To understand why I’d be asking myself this question in the first place, I have been working on a set of 3 rules as the basis of expansion/profitability, they also spell “ESI” or are pronounced as “easy!”, which is the ultimate goal of where I am going with these and there is a fourth part that I discuss later in this article. Anyway, the for now these three rules are:

  1. Efficiency
    Both internal & external. Internal is everything your customer does not see, like tools, processes etc… and external is everything your customer does see, branding, the application of persona’s etc..
  2. Sales Channels
    By adding more of them or refocusing on a specific channel to “catch up” with others or to break into a new or refocus upon a competitive advantage.
  3. Inventory
    Either wider or deeper inventory. Range selling, new product verticals (widening the current range) or deeper inventory (thus better price points & supplier relationships)

However, it’s common for a merchant to hit a “limit” on a specific marketplace like eBay or Amazon and I was not happy that “operational efficiencies” were the cause. I know first-hand after spending a few months helping one specific company on-the-ground overcome these and was not happy with the standard reply to such a question. There had to be another reason.

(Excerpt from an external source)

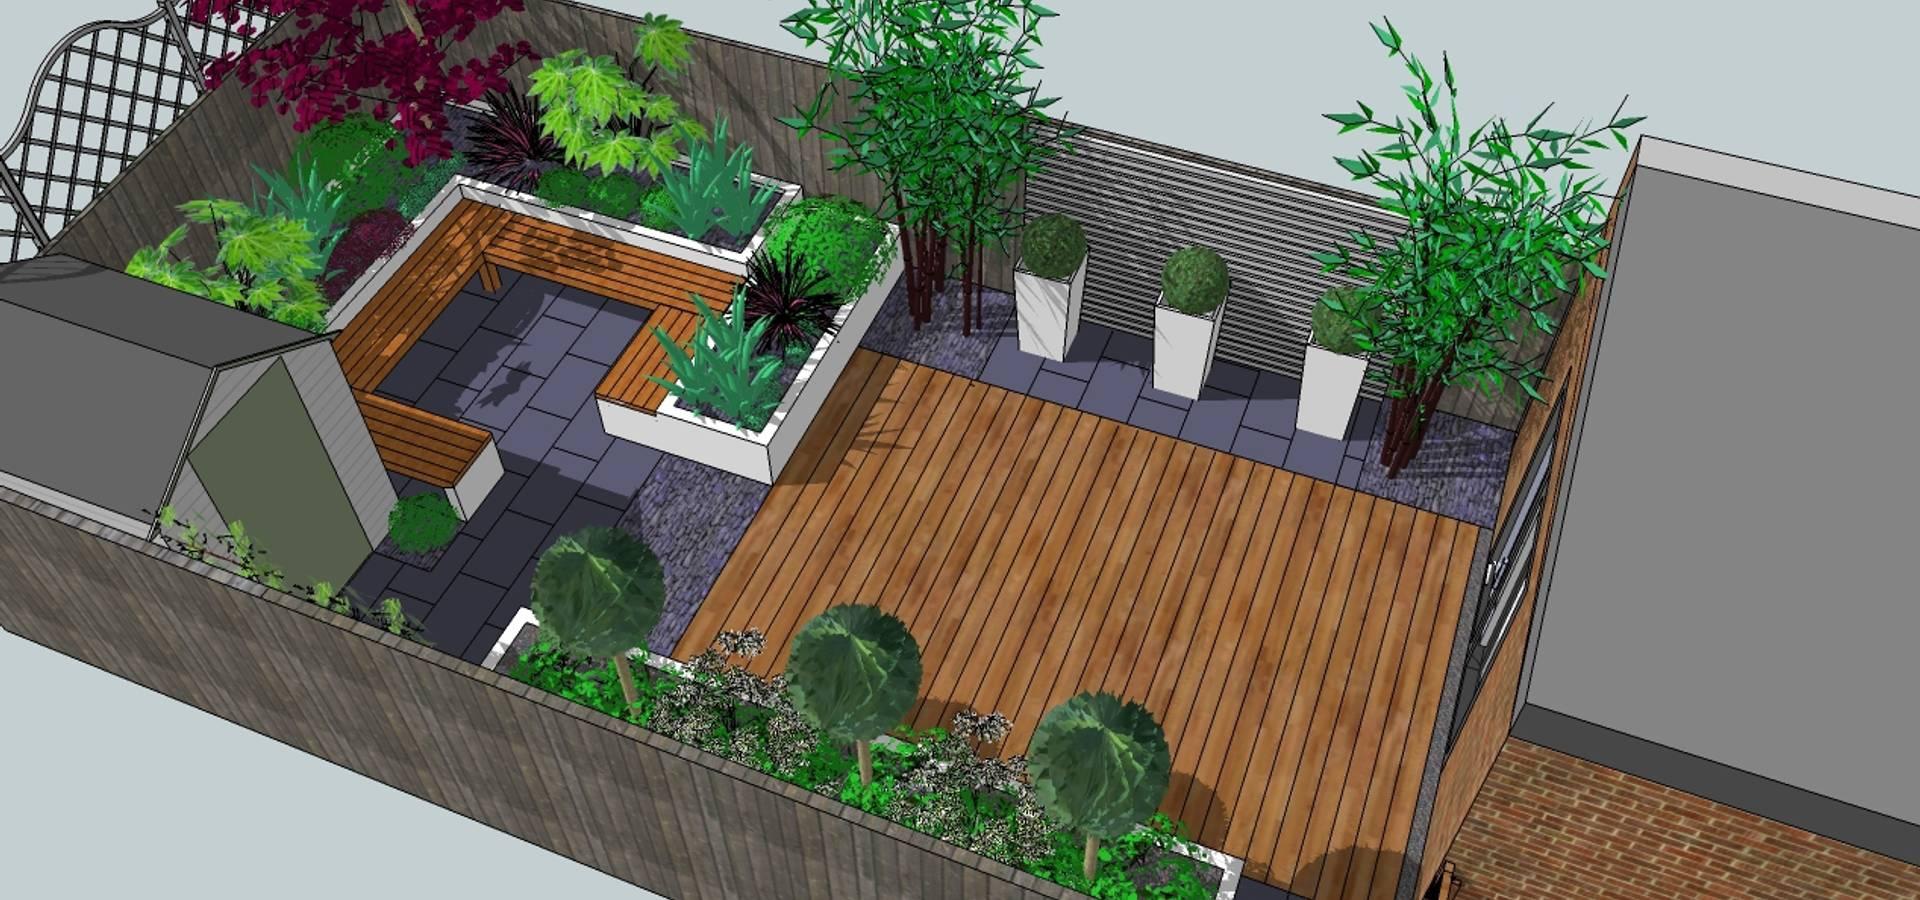 Bea Ray Garden Design Ltd

Another aspect has concerned me greatly; what if a client I am working with is actually at 95% efficiency of a channel, what really are the options and what can I do to help them overcome this inherent boundary?

Asking for Help

There was only one person that I knew that could possibly hold the answer or even comprehend what I was referring to in the question. This person was perfect for a number of reasons, the first that he has been in this arena longer than I have, seen more merchants than myself on the differing marketplaces and critically seen the sales data to back this up. That person was Marshall Smith from ChannelAdvisor.

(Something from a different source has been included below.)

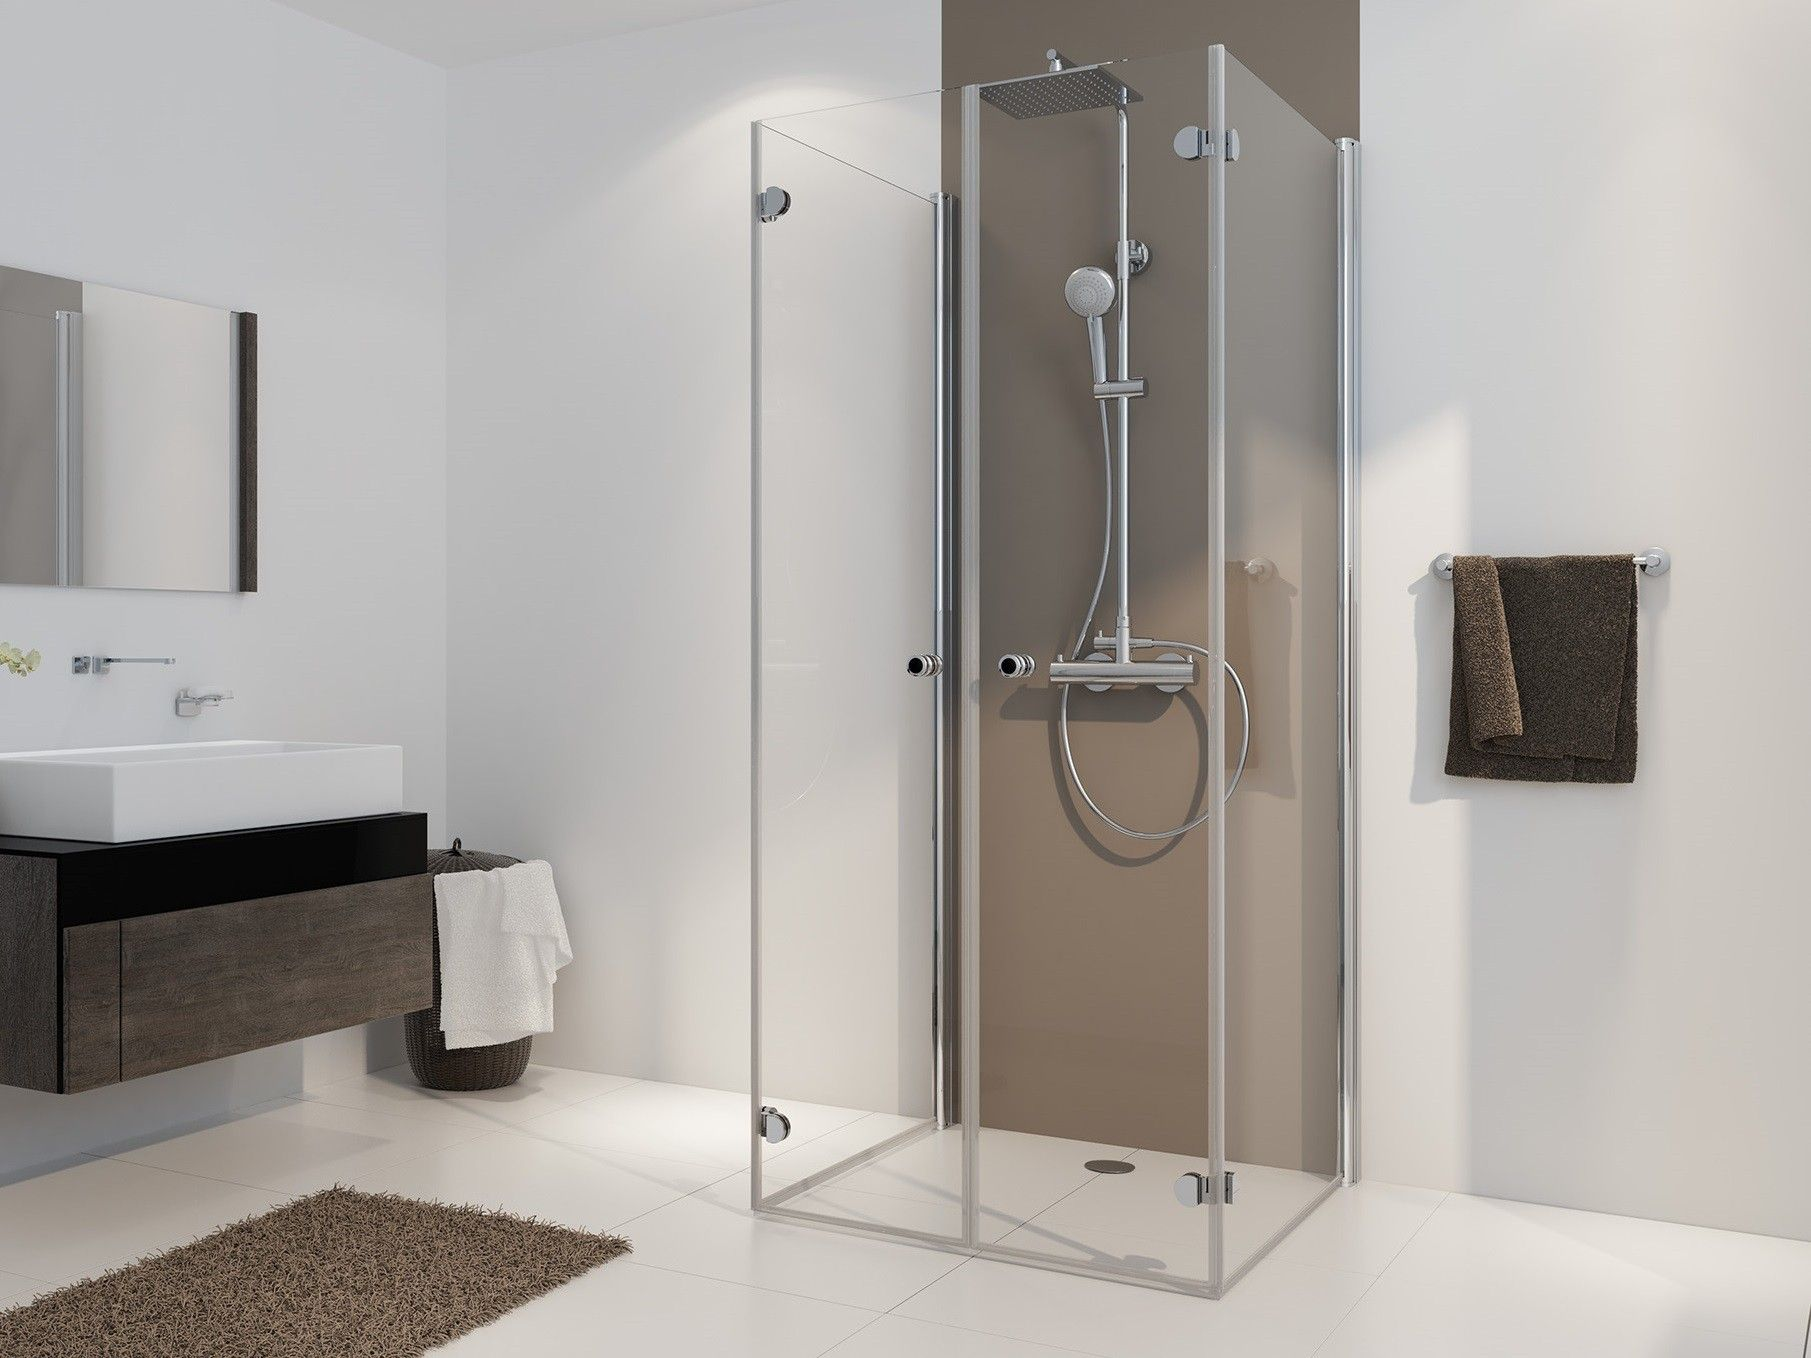 faltt r dusche u form ab 70 x 70 x 220 cm echtglas esg klar hell 6 mm wandprofil alu silber. Black Bedroom Furniture Sets. Home Design Ideas

Here is the first email, that I sent over to Marshall. Noting that I have been bothered by this for months. In a conversation on Monday of this week, it was pointed out I had been asking the participant the same question in January.

Hi Marshall,

Here is a question, that I think only you can answer.

Its a question that has been bothering me for quite some time, “Why do eBay sellers sales stay consistent?”

To be more precise, I have noticed that specific sellers sales, never move out of say a 20% window, for example seller X has a average sales of £10,000, the daily fluctuations mean that their sales will never (or rarely do) move outside of 2K below and 2K above.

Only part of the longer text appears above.